→ Problem details: Starting at the line that contains "John Smedley Rhodes", retype each line to the end of the listing below. Include both ends, but not the pictures.

◆ ◆ ◆ ◆ ◆ ◆ ◆

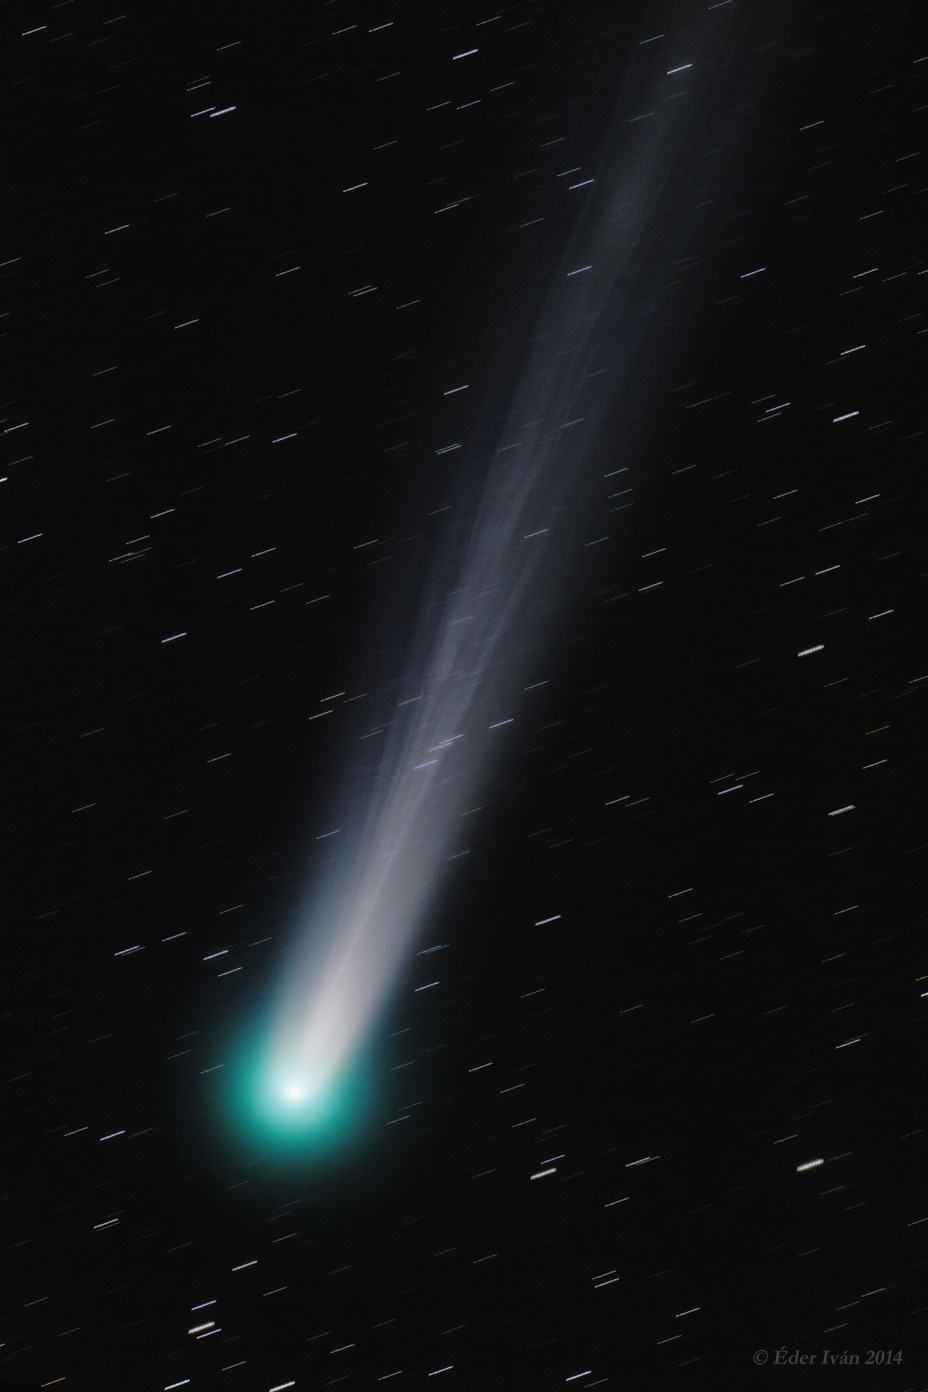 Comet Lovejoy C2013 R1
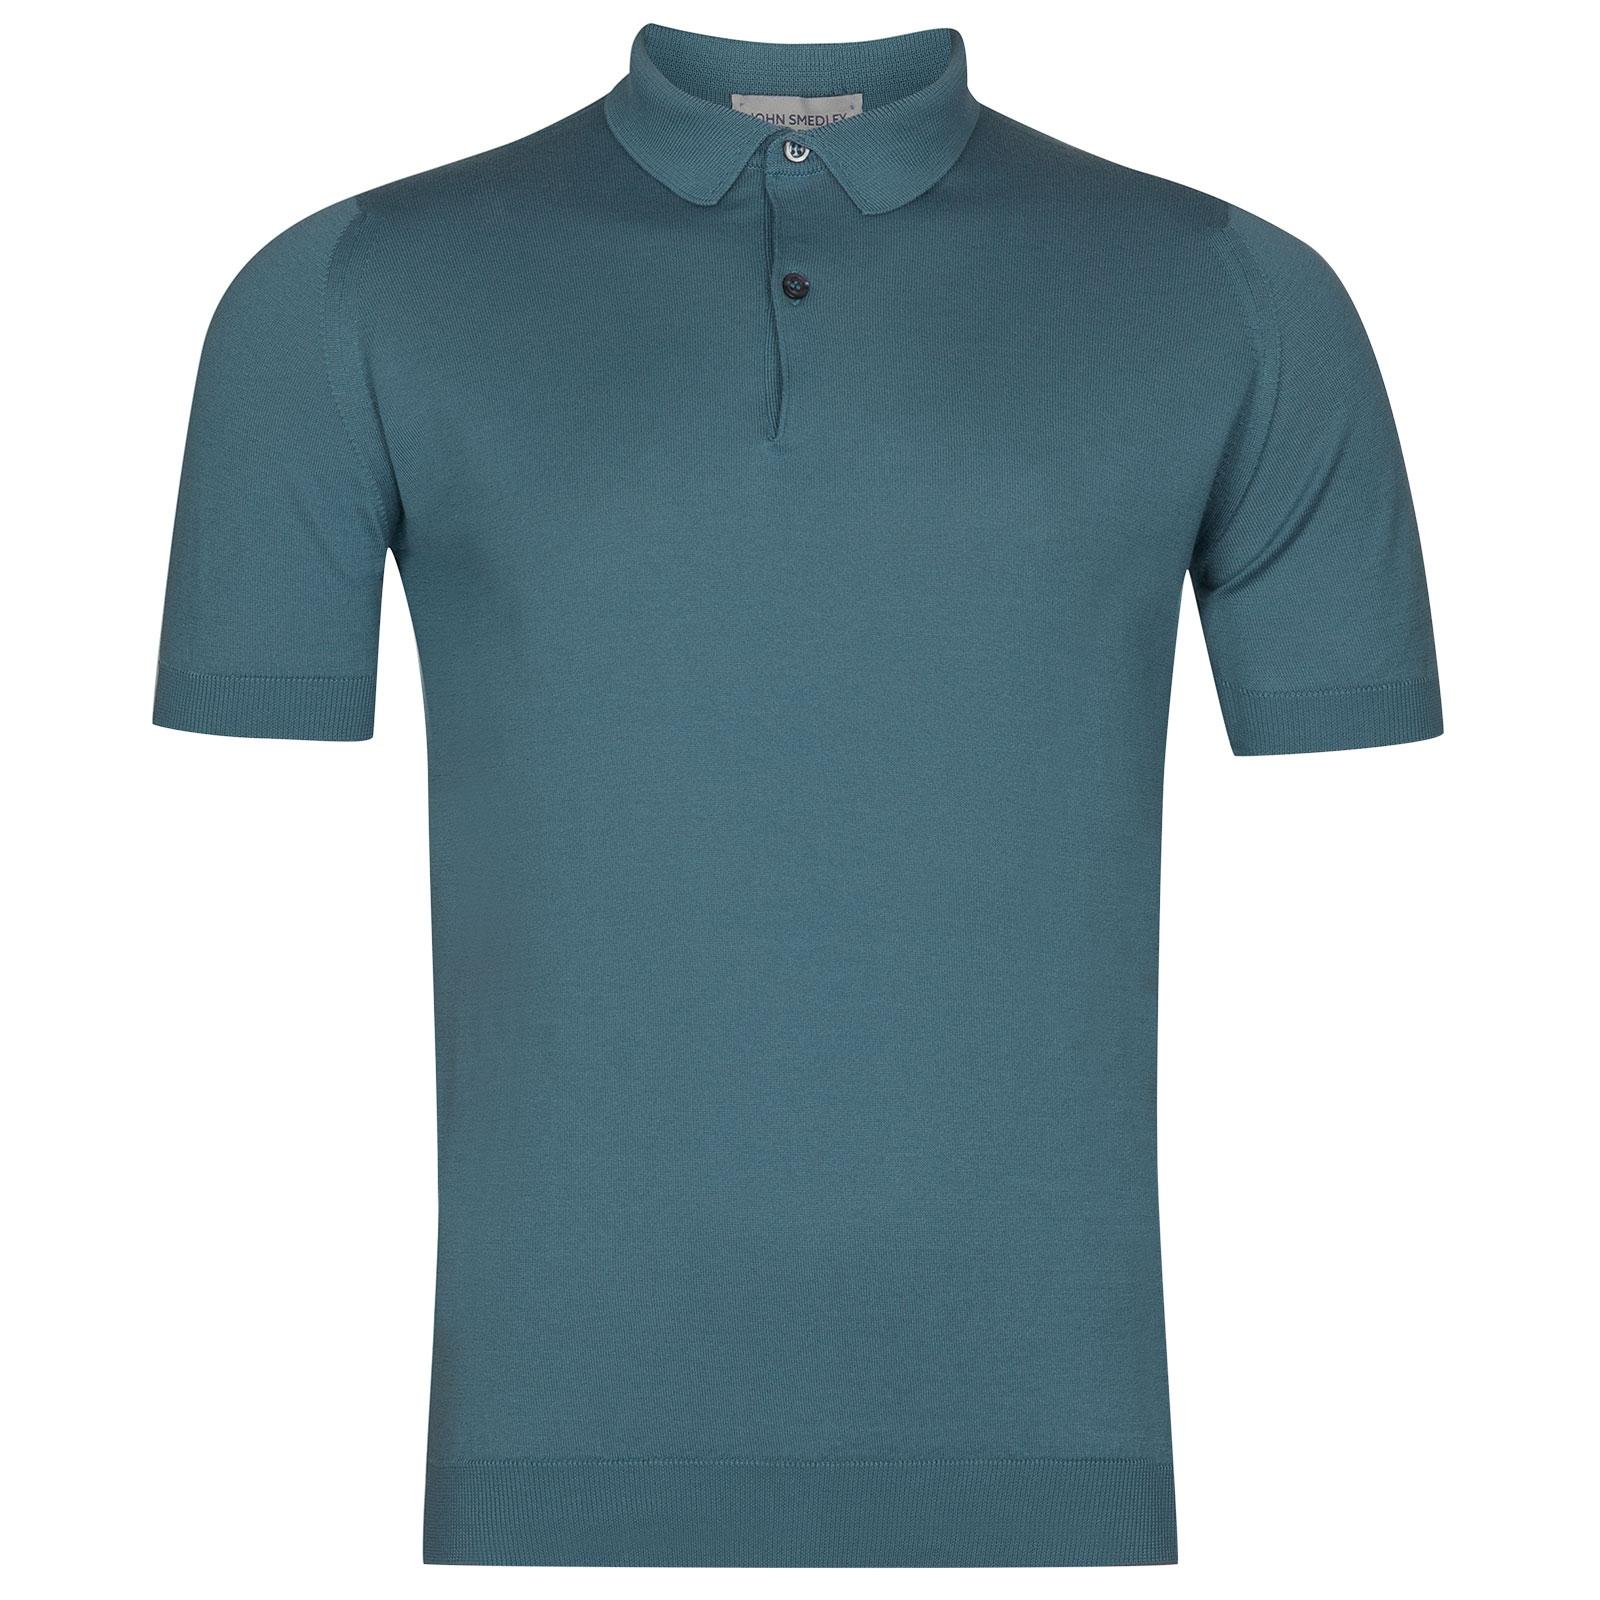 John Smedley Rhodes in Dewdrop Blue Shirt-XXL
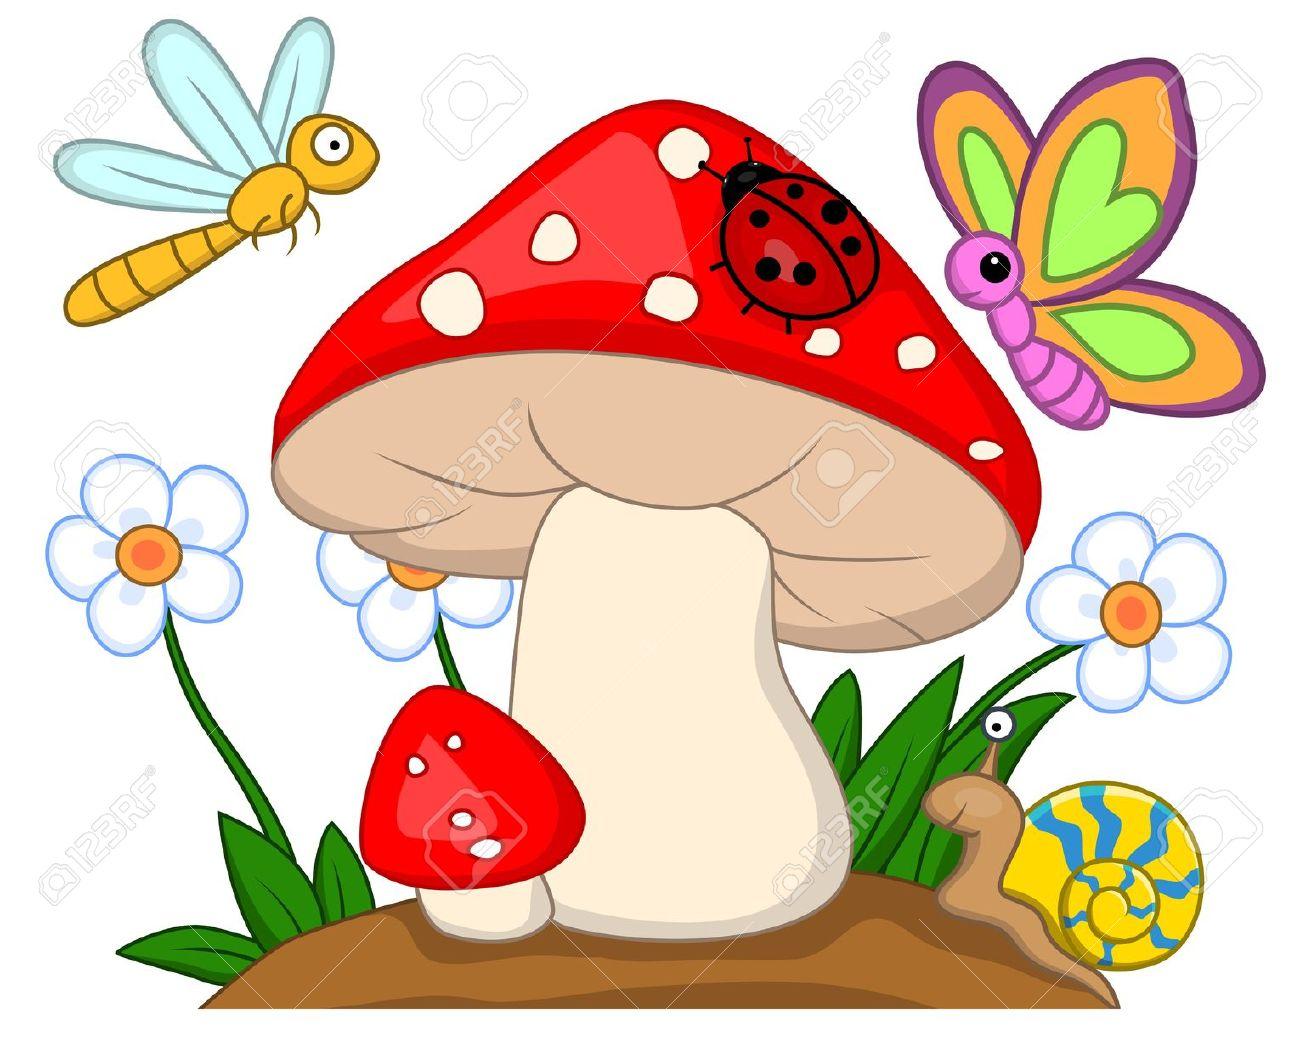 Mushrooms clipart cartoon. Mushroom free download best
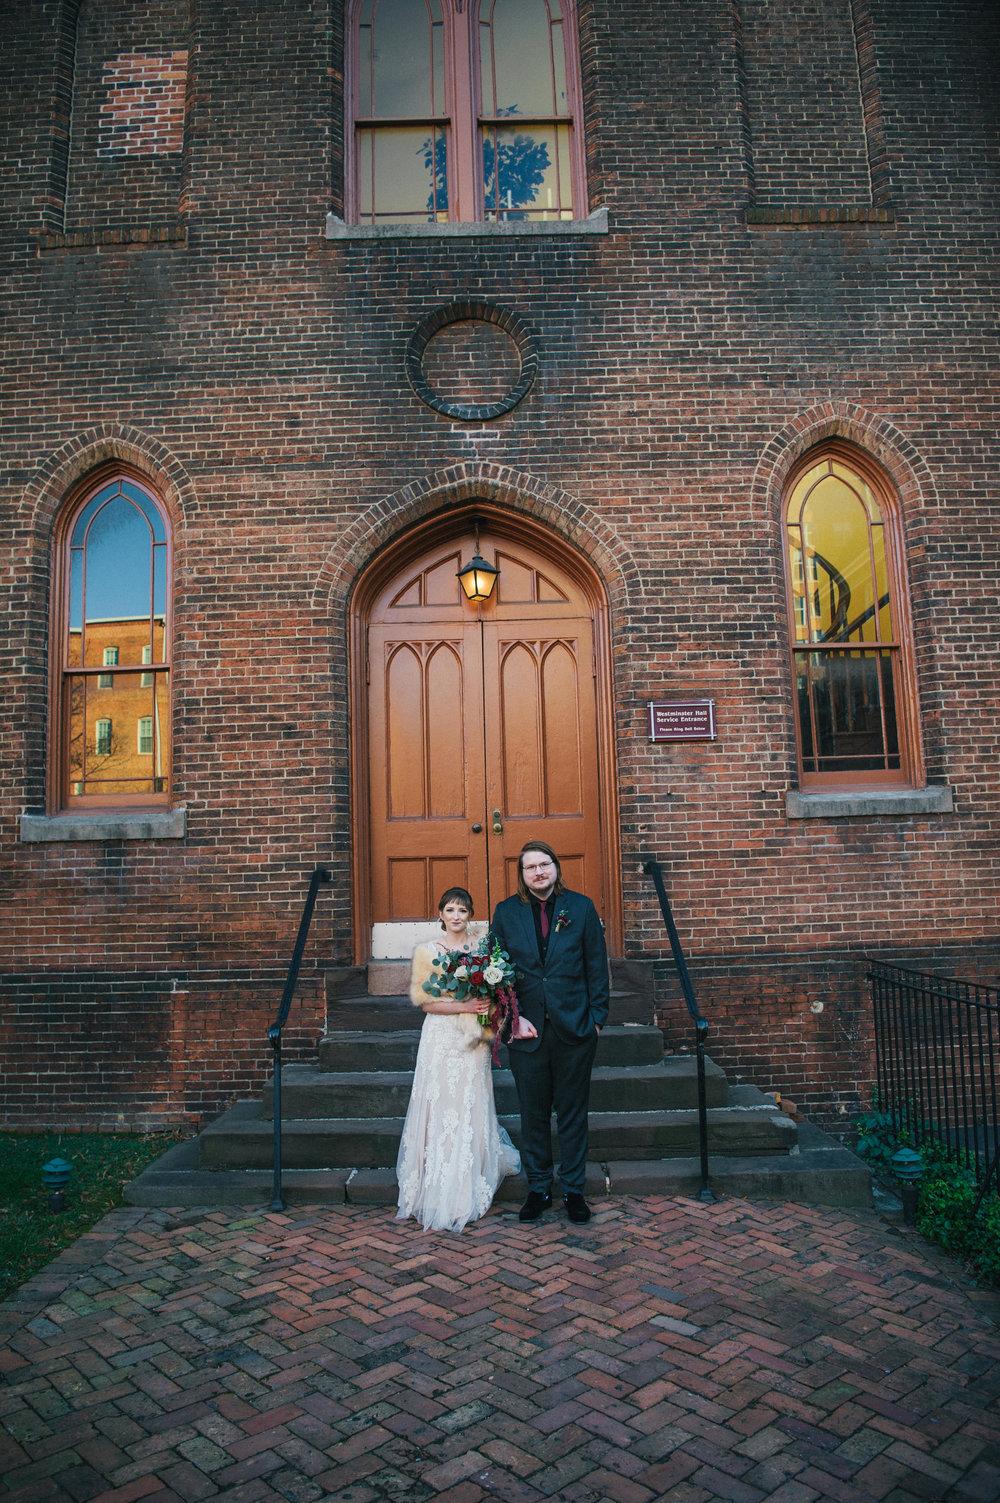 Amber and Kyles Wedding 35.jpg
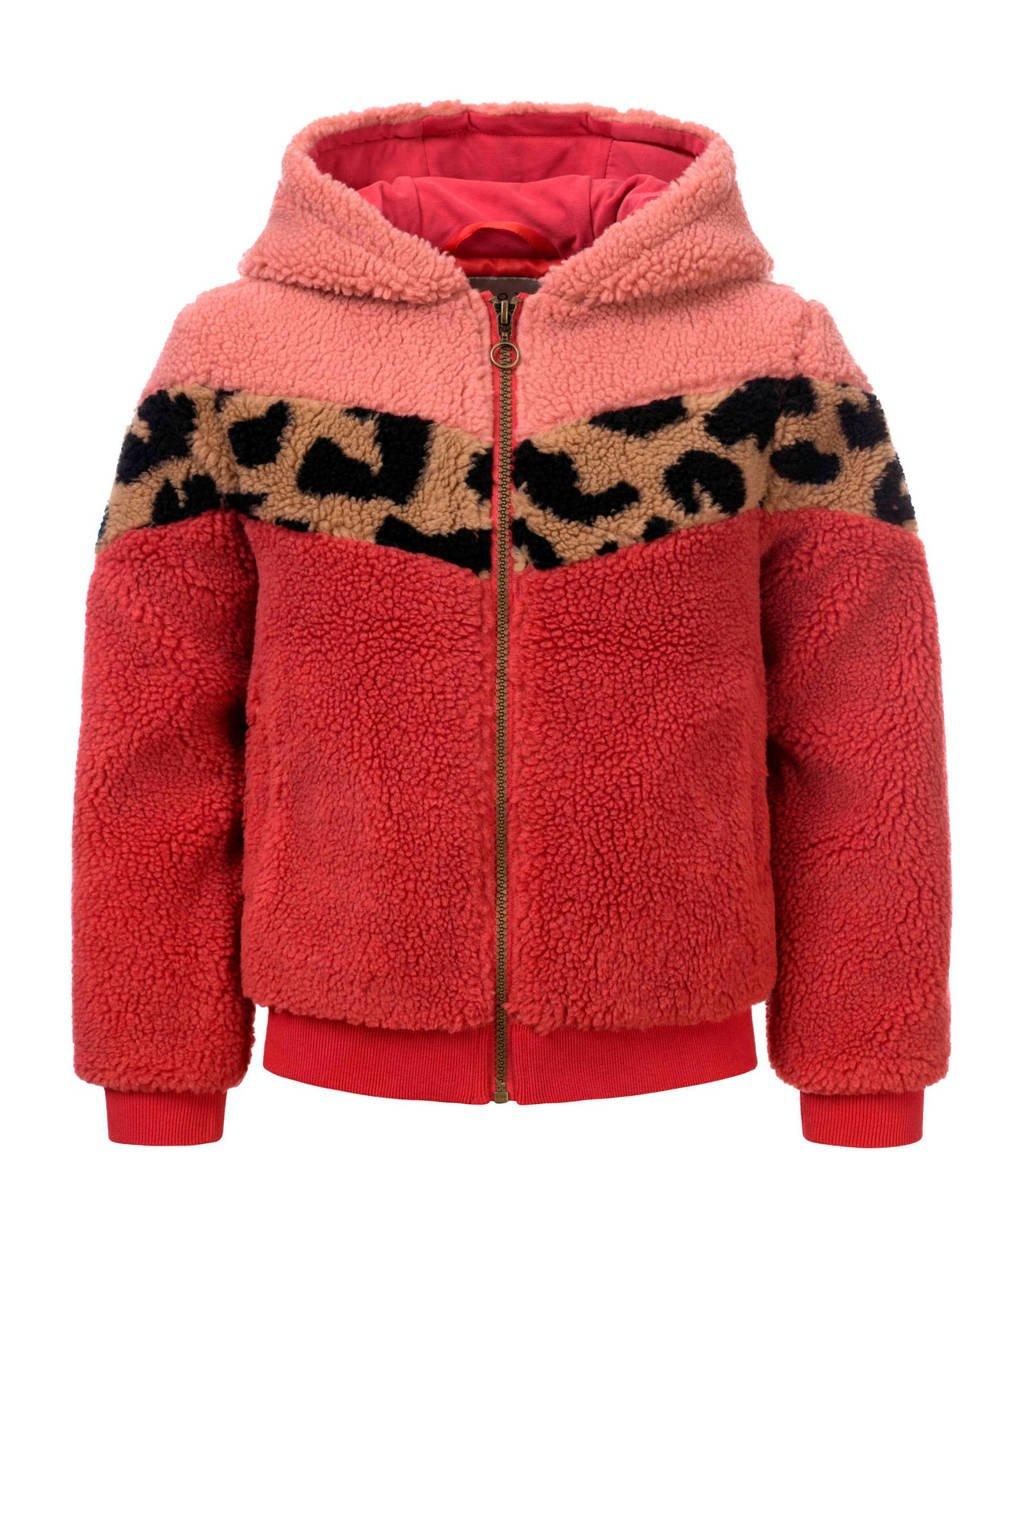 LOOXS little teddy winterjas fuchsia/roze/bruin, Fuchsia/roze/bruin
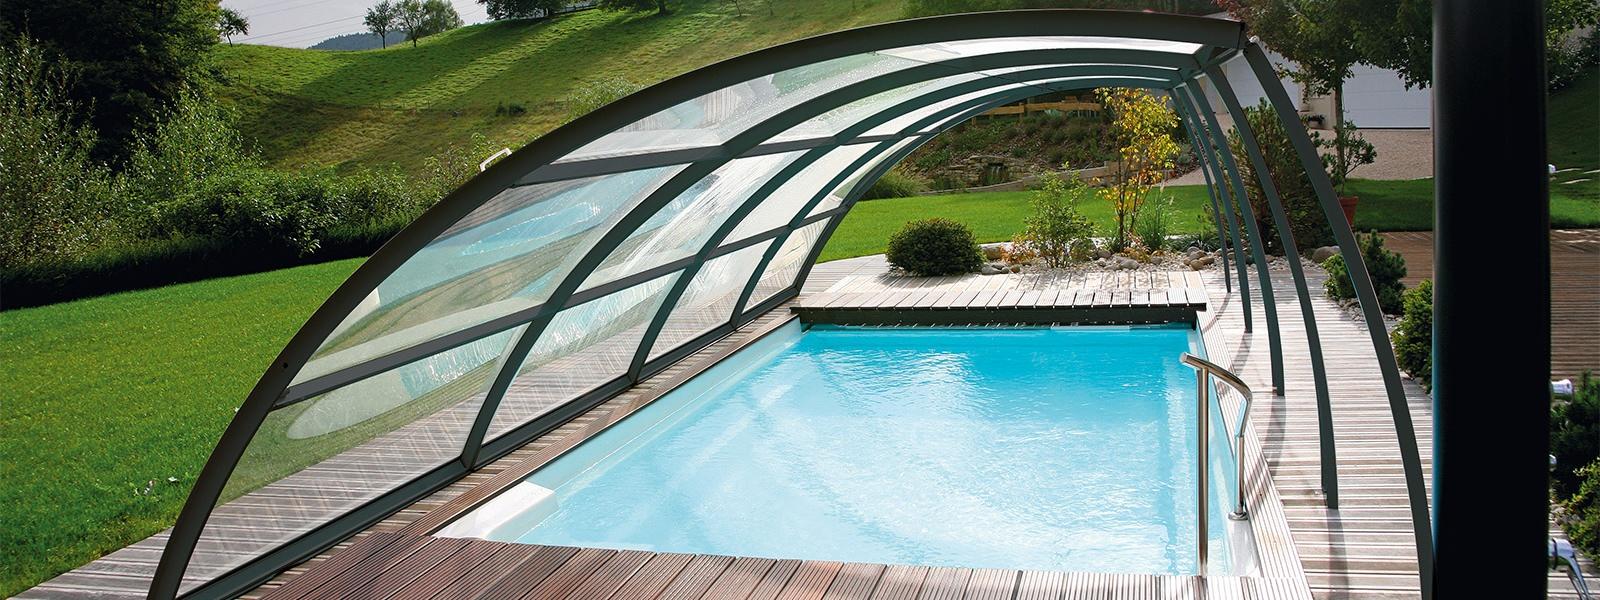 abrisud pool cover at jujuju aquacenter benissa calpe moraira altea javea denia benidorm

◆ ◆ ◆ ◆ ◆ ◆ ◆

→ Answer for the task:
 John Smedley Rhodes in Dewdrop Blue Shirt-XXL
 Mushrooms clipart cartoon. Mushroom free download best
 Amber and Kyles Wedding 35.jpg
 LOOXS little teddy winterjas fuchsia/roze/bruin, Fuchsia/roze/bruin
 abrisud pool cover at jujuju aquacenter benissa calpe moraira altea javea denia benidorm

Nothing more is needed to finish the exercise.